Luis now realized why his search in conventional religion for the true Creator kept leading him back to the saints and demons his ancestral Santería. The scene he witnessed in church that day, and in most other churches he had attended, was sham Christianity. Though no clerical authority prohibited them from reading the Bible, those churchgoers decked out in their Sunday best, a-praying and a-swaying and singing in unison, had not taken the trouble to read, much less comprehend, the entire book. Selected passages taken out of context, if that, was all they knew. The God and Jesus they thought they were worshipping was really the proverbial golden calf. Their preachers, their pastors, their buildings, their bureaucracies, their music, their props, their costumes, their festivals, their man-made theology, that was what they really, the icons without the meaning behind them, idolatry clear and simple, in blatant violation of the First Commandment.
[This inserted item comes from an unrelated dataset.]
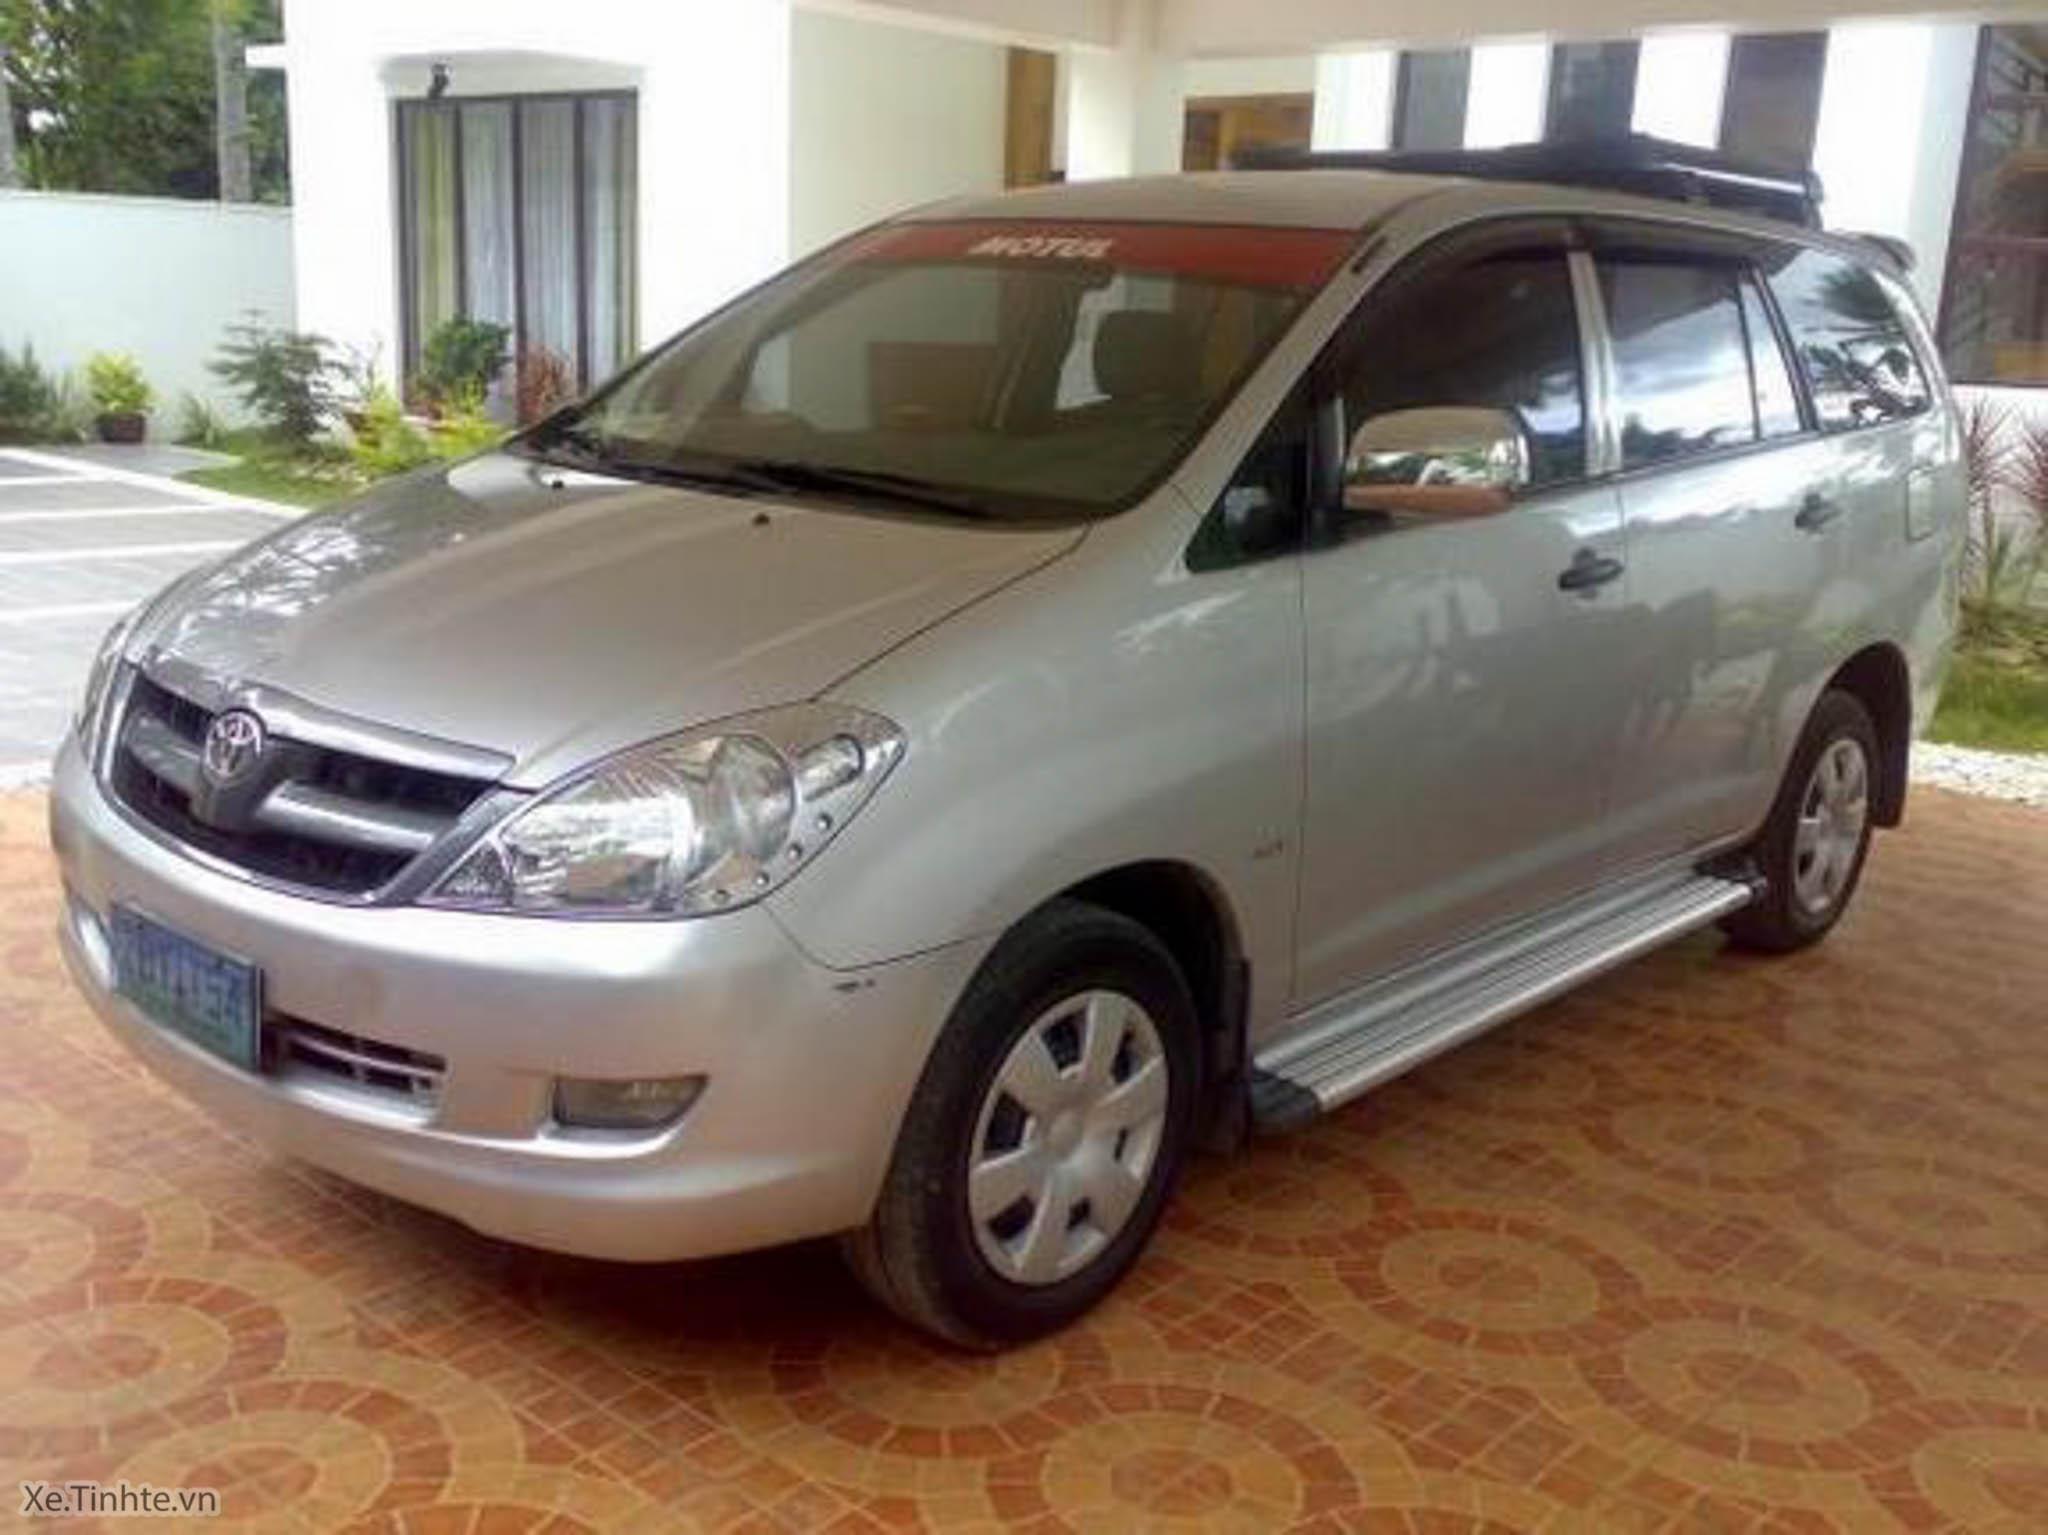 Toyota Innova 2006 2007  - 7 mẫu xe cũ giá chỉ 200 triệu đồng đáng mua nhất 2021

Luis Rivera went on to become a math professor, marry one of his grad students, sire four boys and three girls, build his own house, and write some forty articles on religion, all of which flatly rejected by every journal he submitted them to. An excerpt from one of the articles read:

”The super devout of the so-called great religions, Christianity and Islam, in particular, are more prone to getting sucked in by Satan. The higher they reach toward an almighty God, the more they strive to grasp the Ultimate Truth, the holier they hold their convictions, the more likely they are to lose touch with their individual humanity and meld with others of the same ilk into an evil force. The individualistic, near-human deities of Santeria, on the other hand, prevents believers from straying too far from common sense and the material world, no matter how wildly they express their faith. They may attend animated séances to contact the soul of a dead relatives, or crawl miles to a shrine to beseech a saint’s favor, but the probability of their instituting an Inquisition or embarking on a witch hunt or a Jihad is not likely. Though some are not are not above committing murder--for vengeance, jealousy, money or some other personal reason--few will advocate for the wholesale extermination of an entire race or nation. So all in all, the superstitions of voodoo, Santería and such are more consistent with the simple teachings of Jesus than are the convoluted doctrines of organized religion.”

Luis Rivera was lucky. Had he been born in fifteenth-century Spain, he would have been one those poor wretches dismembered, roasted, boiled or deep-fried in oil.